HELIOS is an open-source radiative transfer code designed to study exoplanetary atmospheres, from rocky terrestrial planets to ultra-hot Jupiters. For given opacities and planetary parameters, HELIOS finds the atmospheric temperature profile in radiative-convective equilibrium and the synthetic planetary emission spectrum. HELIOS is written in Python, with the core computations parallelized to run on a GPU. HELIOS is part of the Exoclimes Simulation Platform.

LAPS: The Live Atmosphere-of-Planets Simulator

Martin Turbet (LMD), Cédric Schott (ESEP) and the LMD team Atm RT

LAPS is a new tool that was developed to easily simulate the climate of planets similar to Earth (i.e., terrestrial but not giant planets). This model is based on the LMD (Laboratoire de Météorologie Dynamique) Global Climate Model (GCM), a complex 3-D numerical model of climate solving equations of thermodynamics, radiative transfer and hydrodynamics. This complex 3-D model has been simplified to a 1-D code (Turbet et al. 2016, 2017), which is therefore much faster to run and can now be used online in an interactive fashion.

Lightkurve

Vinícius, Barentsen, Hedges, et al. Fit

IN PROGRESS — The lightkurve Python package offers a beautiful and user-friendly way to analyze astronomical flux time series data, in particular the pixels and lightcurves obtained by NASA’s Kepler, K2, and TESS missions.
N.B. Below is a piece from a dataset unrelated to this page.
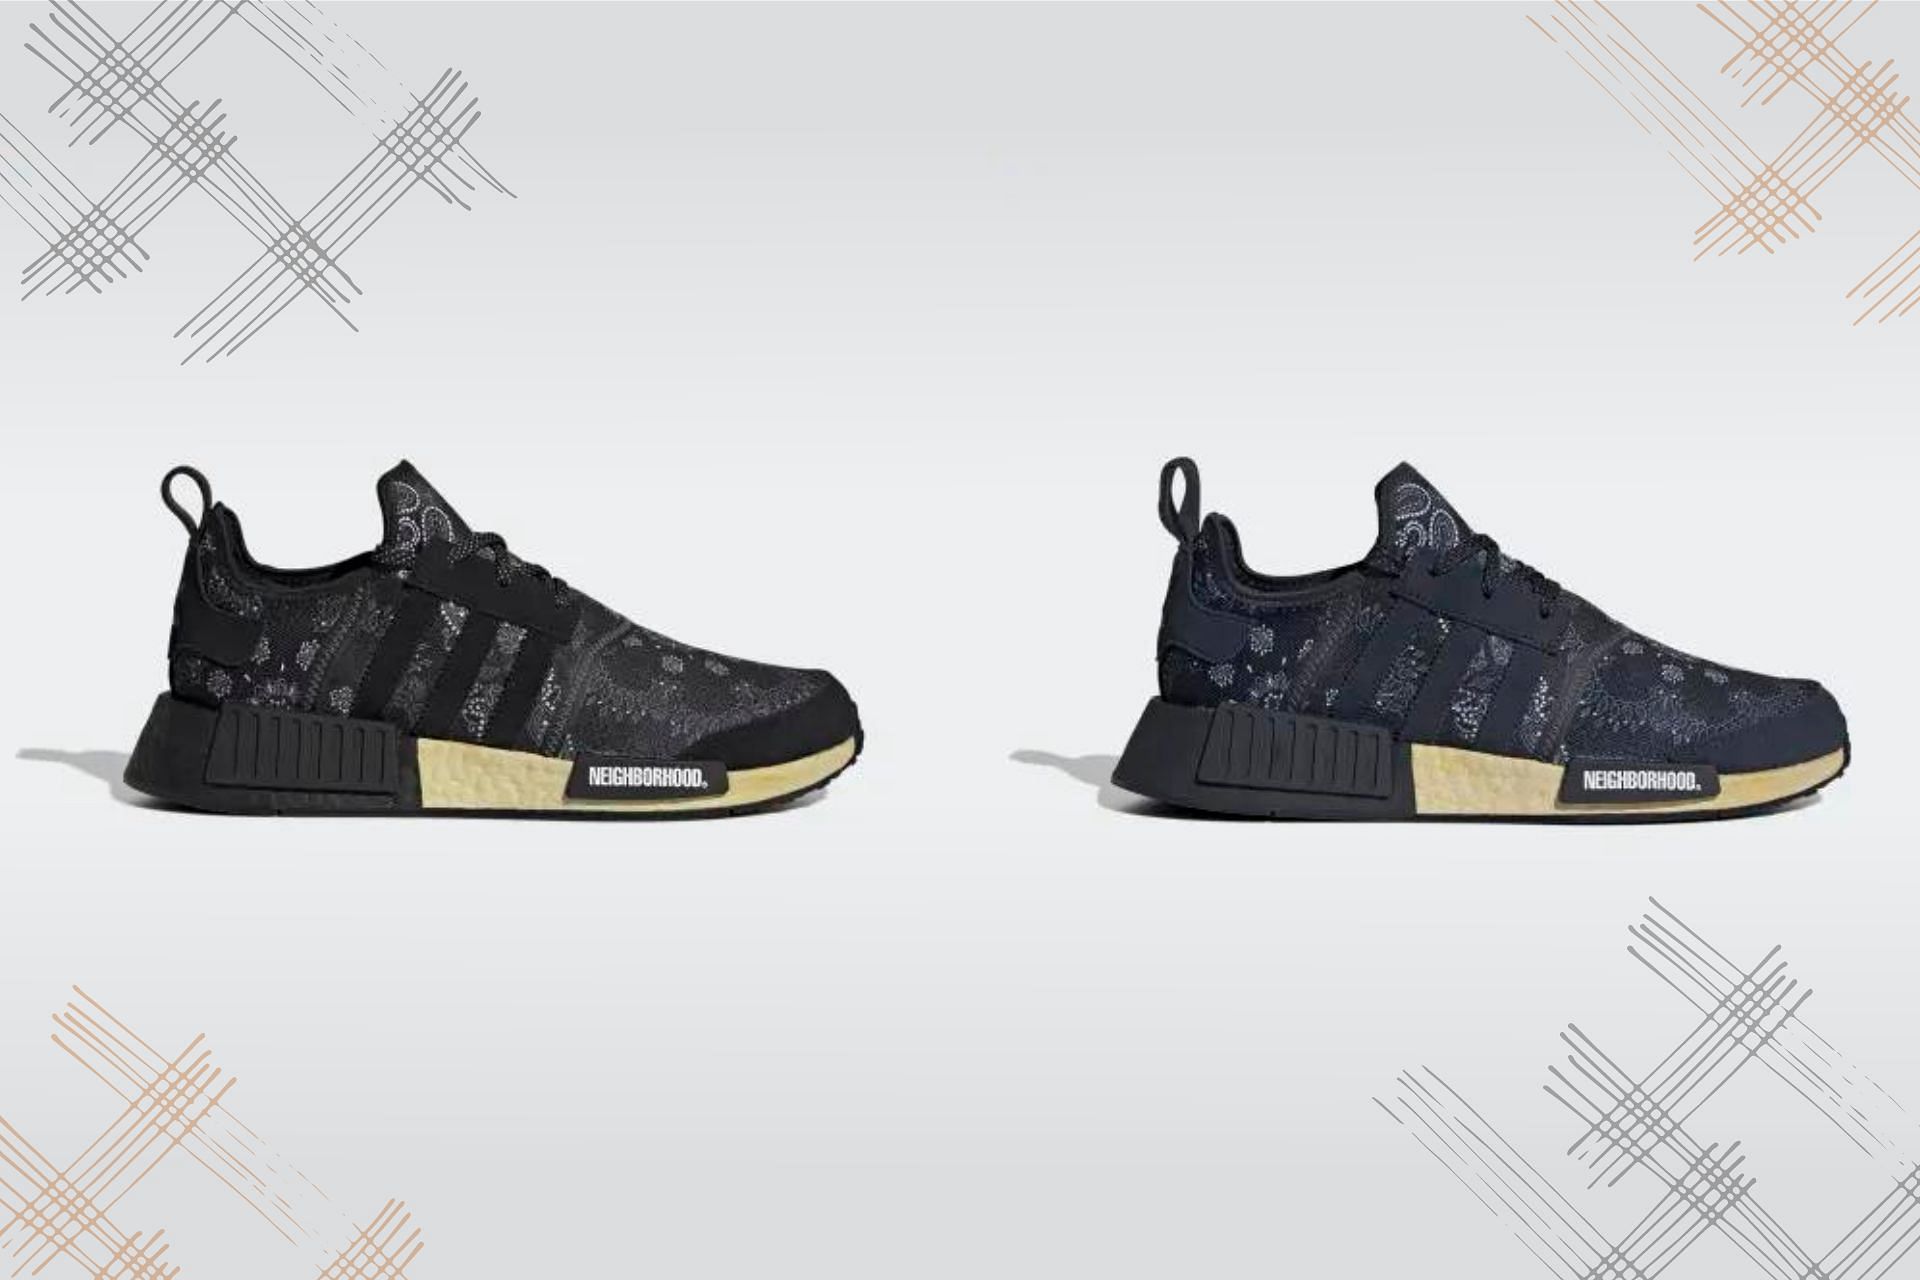 jordskælv Feasibility Forberedende navn Where to buy Neighborhood x Adidas NMD R1 footwear pack? Price, release  date, and more explored

Planetary Spectrum Generator

Villanueva et al. Atm RT Obs

The Planetary Spectrum Generator (PSG) is an online tool for synthesizing planetary spectra (atmospheres and surfaces) for a broad range of wavelengths (100 nm to 100 mm, UV/Vis/near-IR/IR/far-IR/THz/sub-mm/Radio) from any observatory (e.g., JWST, ALMA, Keck, SOFIA).

Reflection Spectra Repository for Cool Giant Planets

Ryan J. MacDonald; Mark S. Marley; Jonathan J. Fortney; Nikole K. Lewis Atm

We present an extensive parameter space survey of the prominence of H2O in reflection spectra of cool giant planets. We explore the influence of a wide range of effective temperatures, gravities, metallicities, and sedimentation efficiencies, providing a grid of >50,000 models for the community. Our models range from Teff = 150 → 400 K, log(g) = 2.0 - 4.0 (cgs), fsed = 1 - 10, and log(m) = 0.0 - 2.0 ́ solar. We discretize this parameter space into intervals of ΔTeff = 10 K, Δlog(g) = 0.1 dex, Δfsed = 1, and Δlog(m) = 0.5 dex, generating reflection spectra both with and without H2O opacity.